• AIM OF THE TASK:
When you copy the data that follows, reproduce every word exactly and leave out the images.

• STORED DATA:
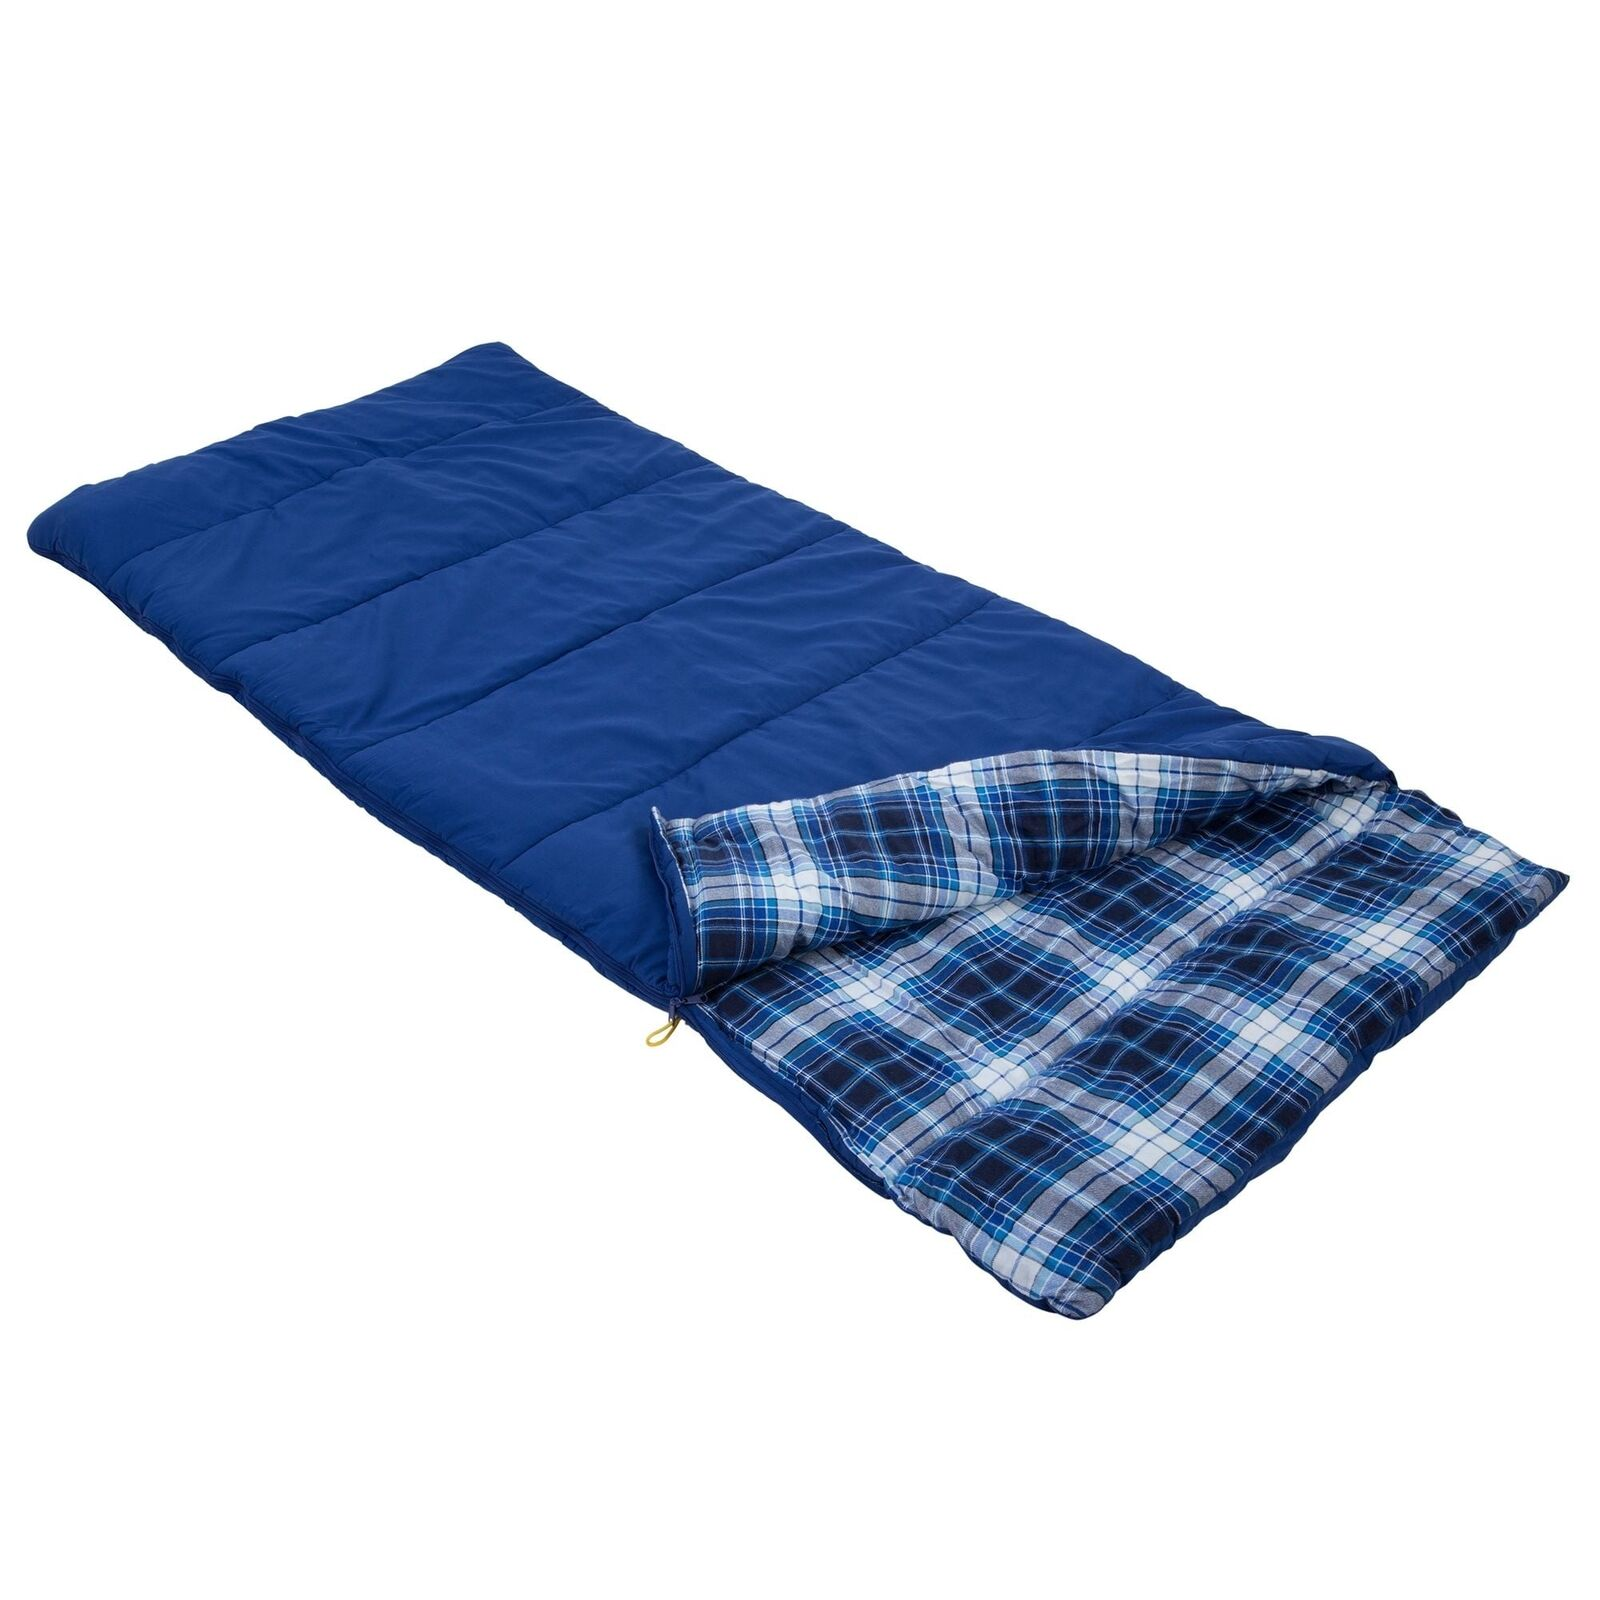 Regatta Bienna  Single Sleeping Bag  cheap sale
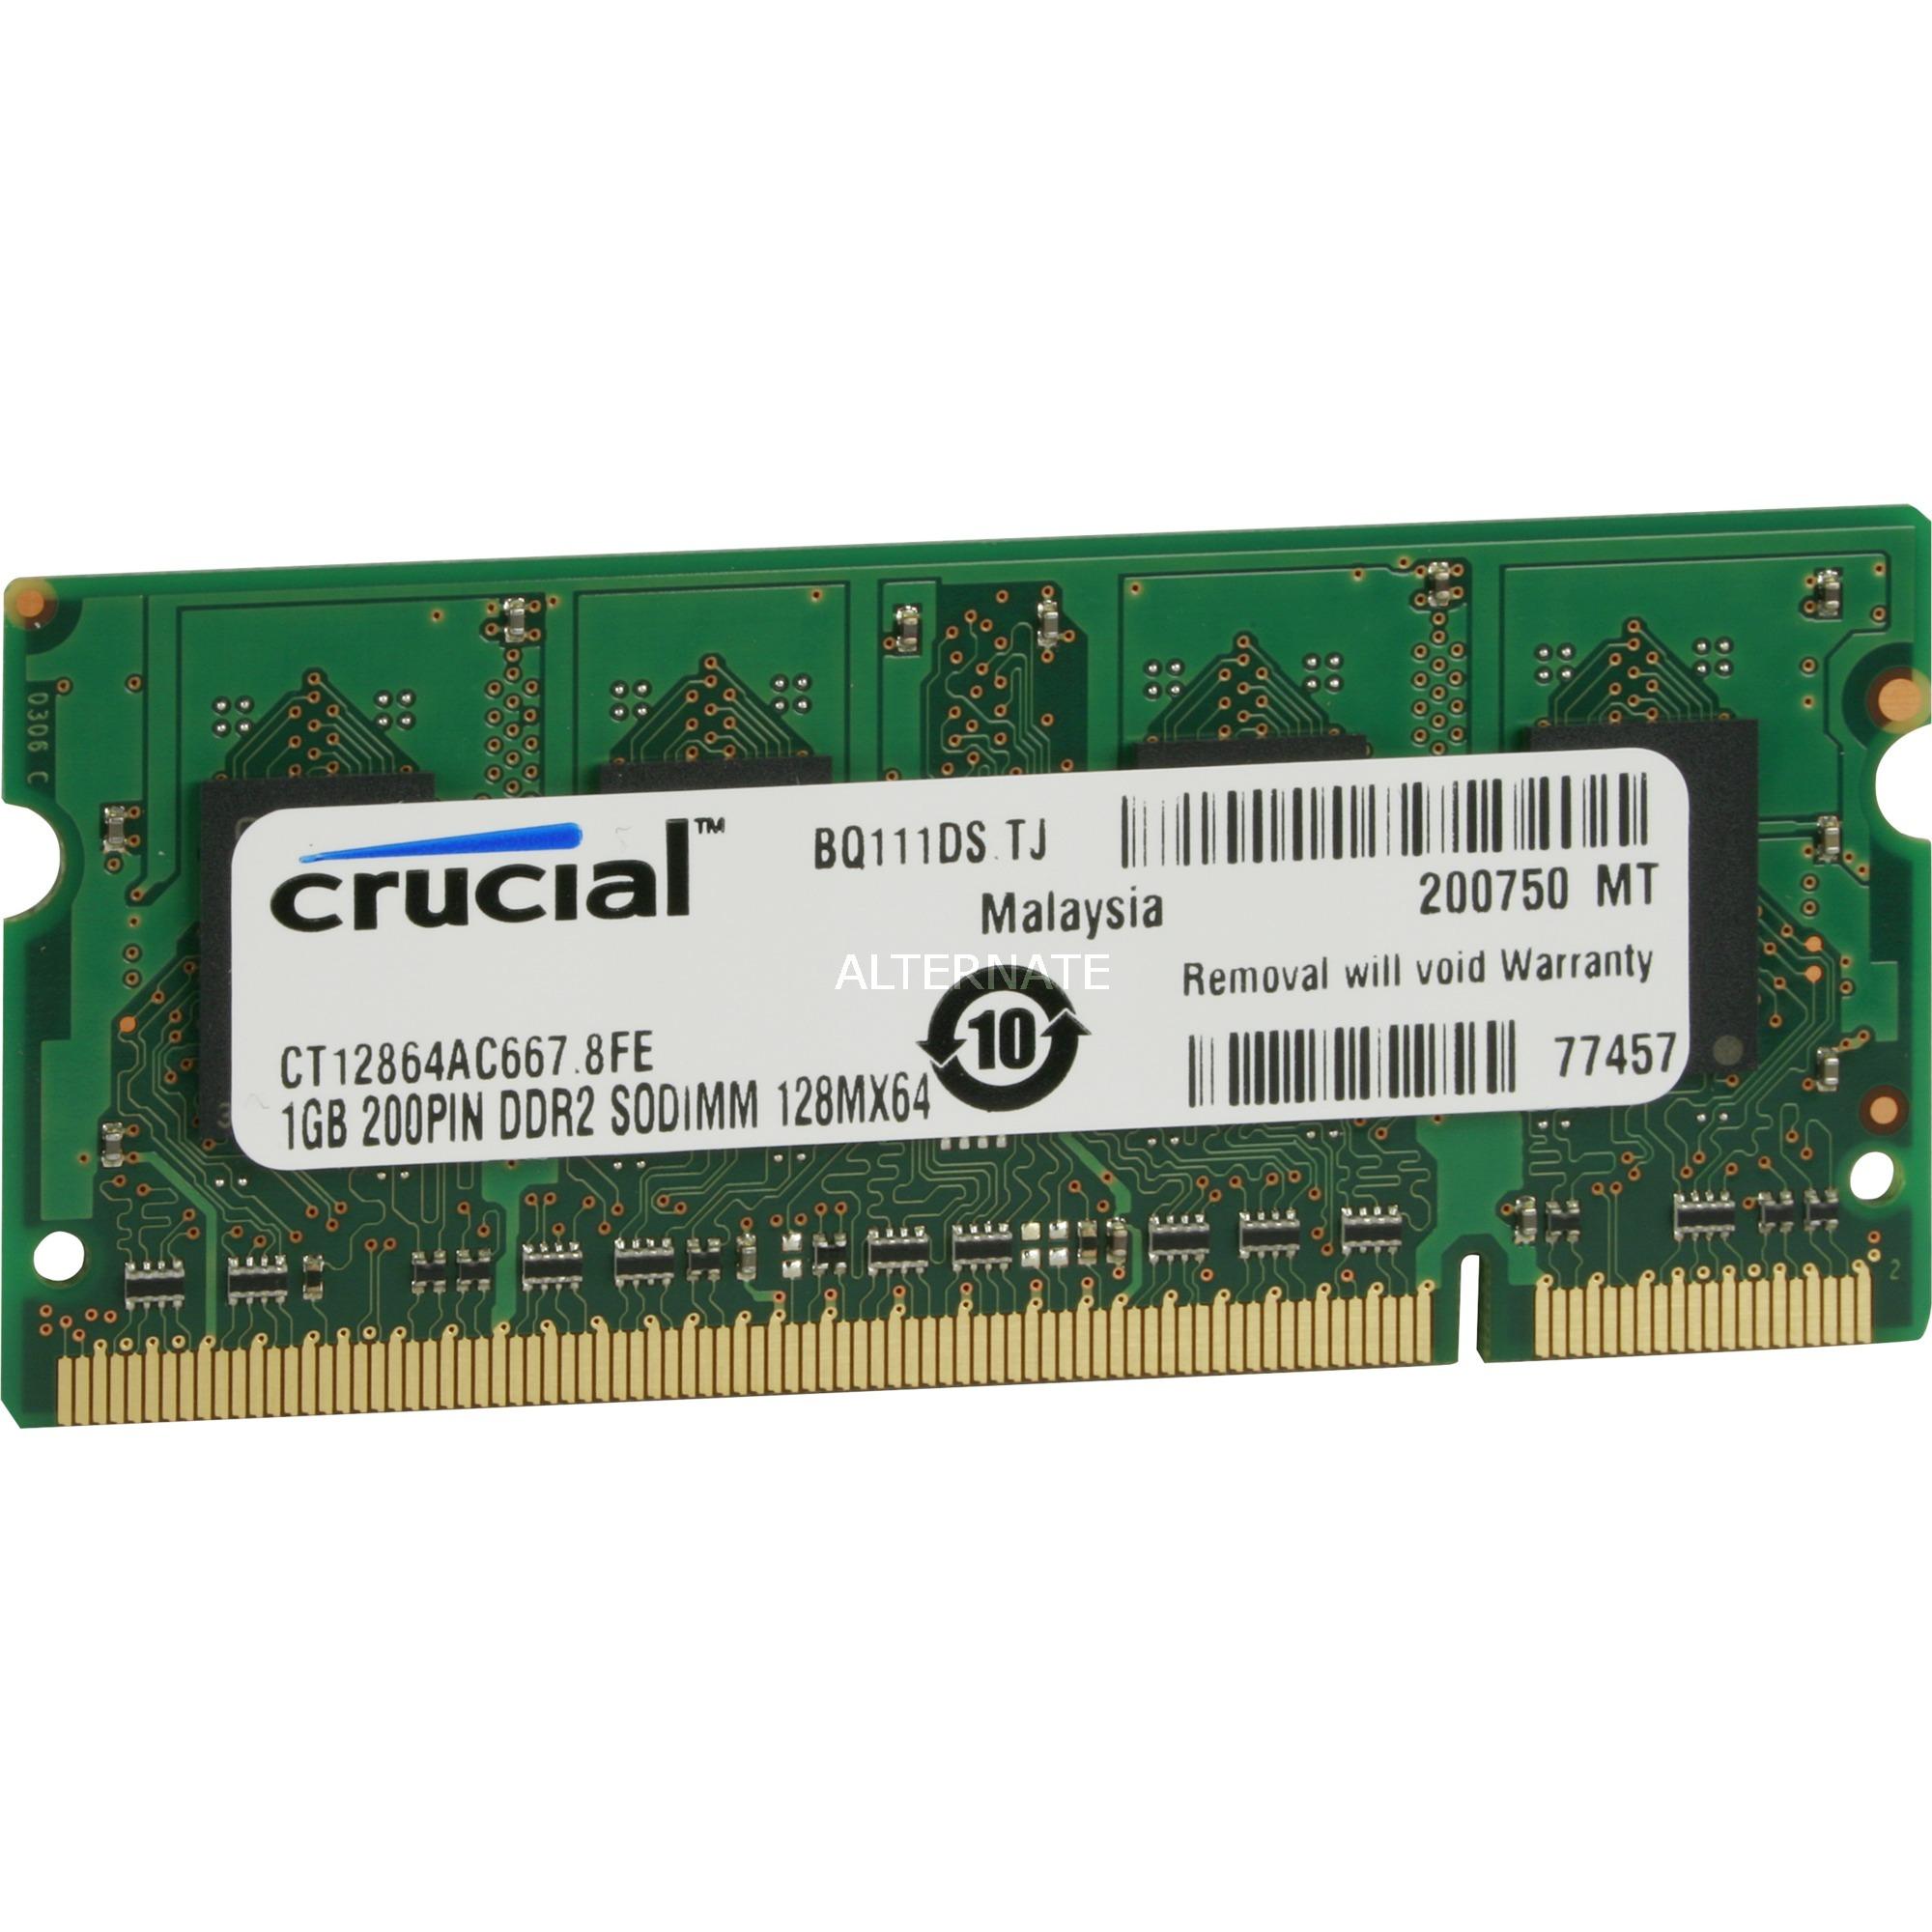 2GB DDR2 SODIMM módulo de memoria 667 MHz, Memoria RAM
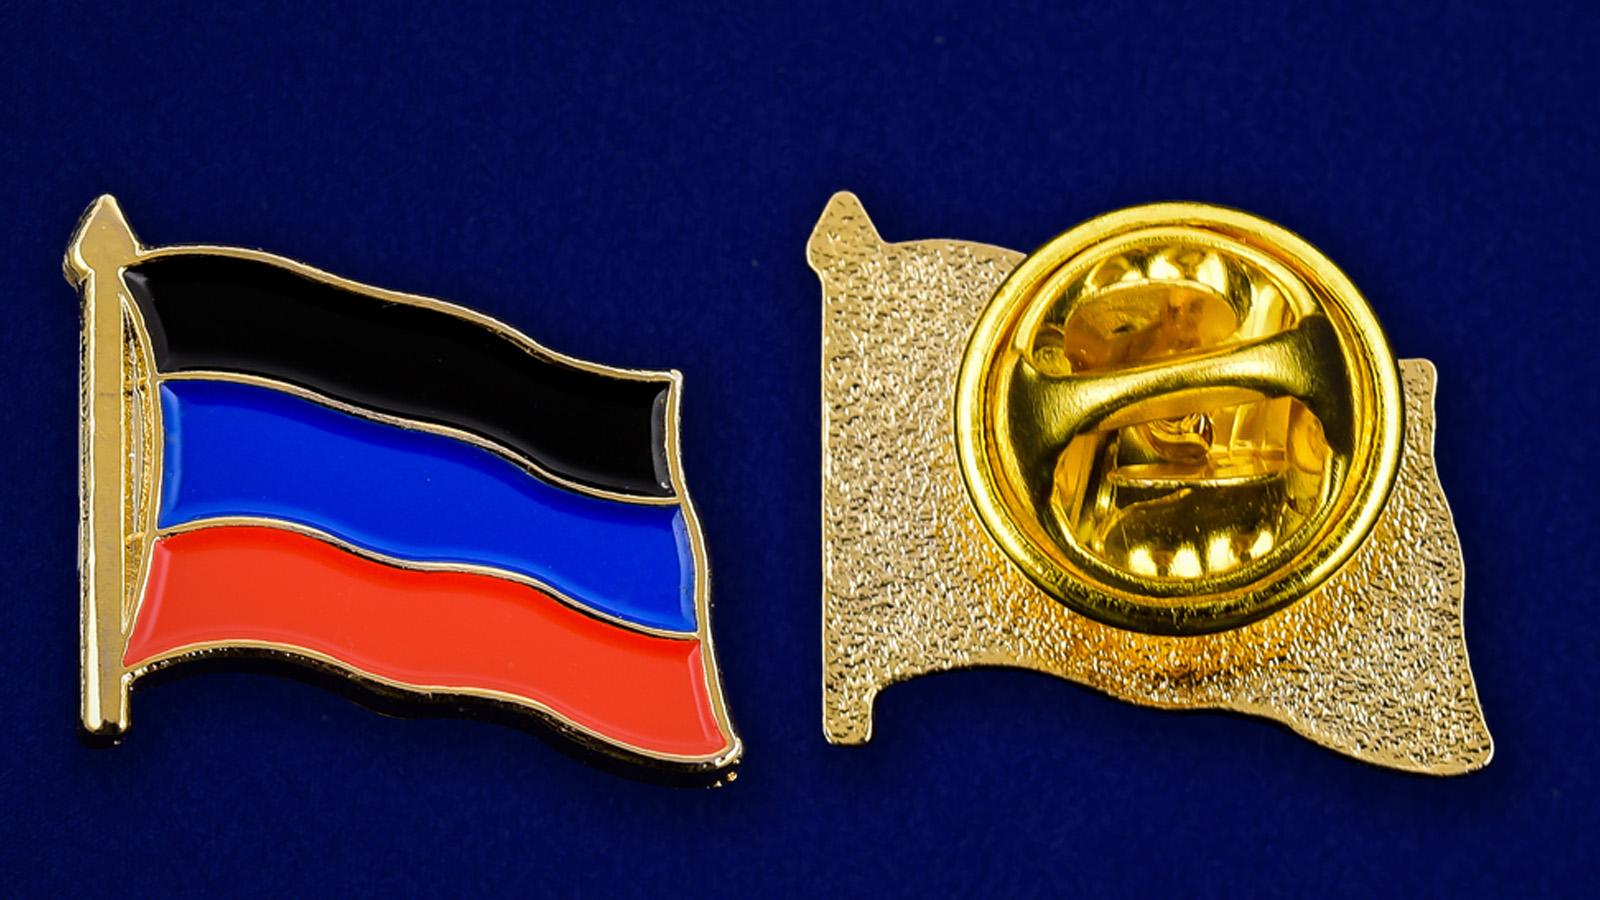 Значок ДНР аверс и реверс
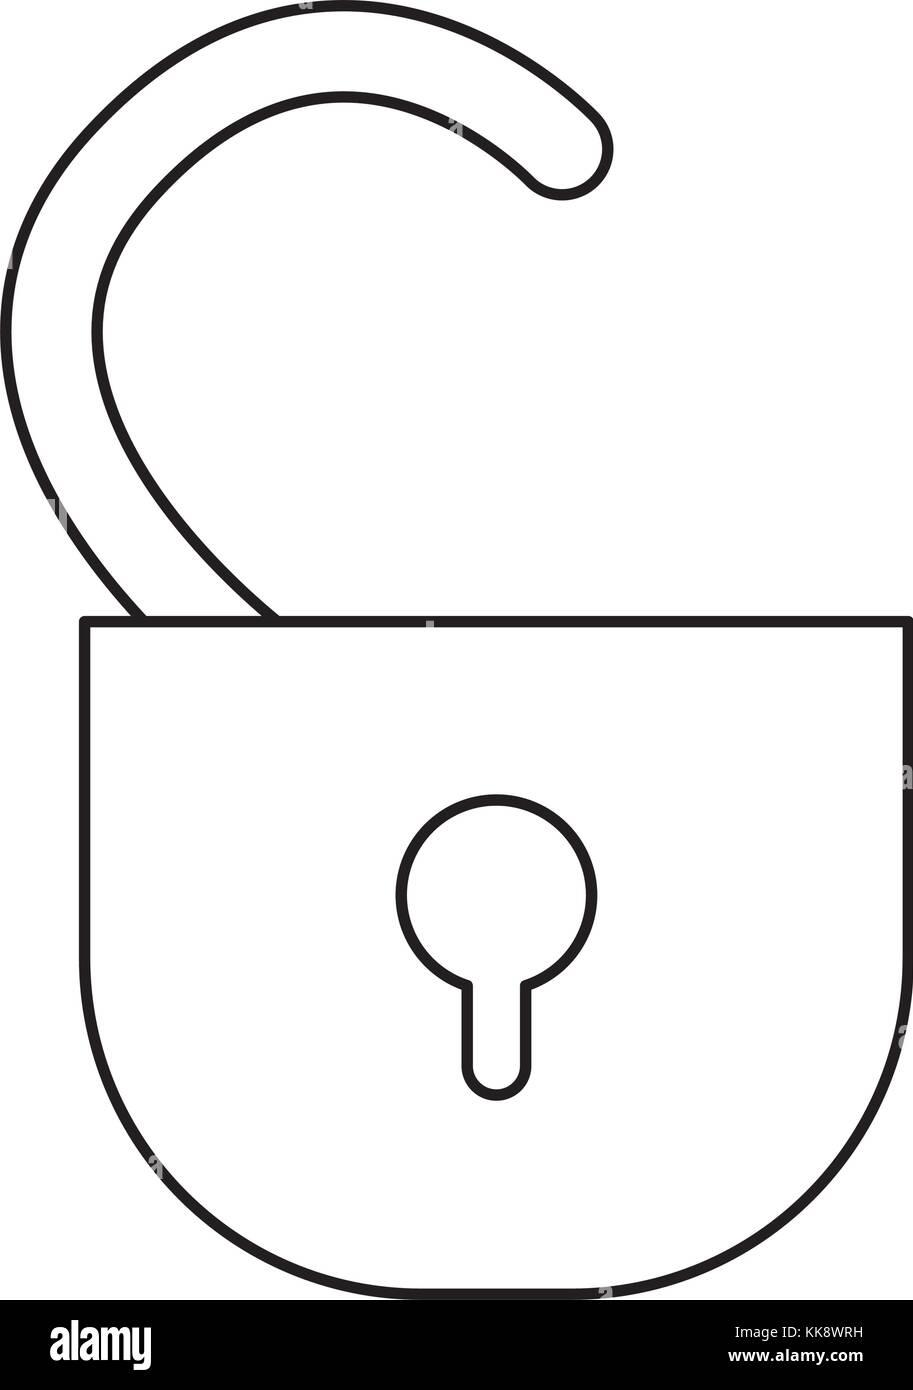 padlock  vector illustration - Stock Image

• OUTPUT FOR THIS EXERCISE:
 Regatta Bienna  Single Sleeping Bag  cheap sale
 2GB DDR2 SODIMM módulo de memoria 667 MHz, Memoria RAM
 Значок ДНР аверс и реверс
 padlock  vector illustration - Stock Image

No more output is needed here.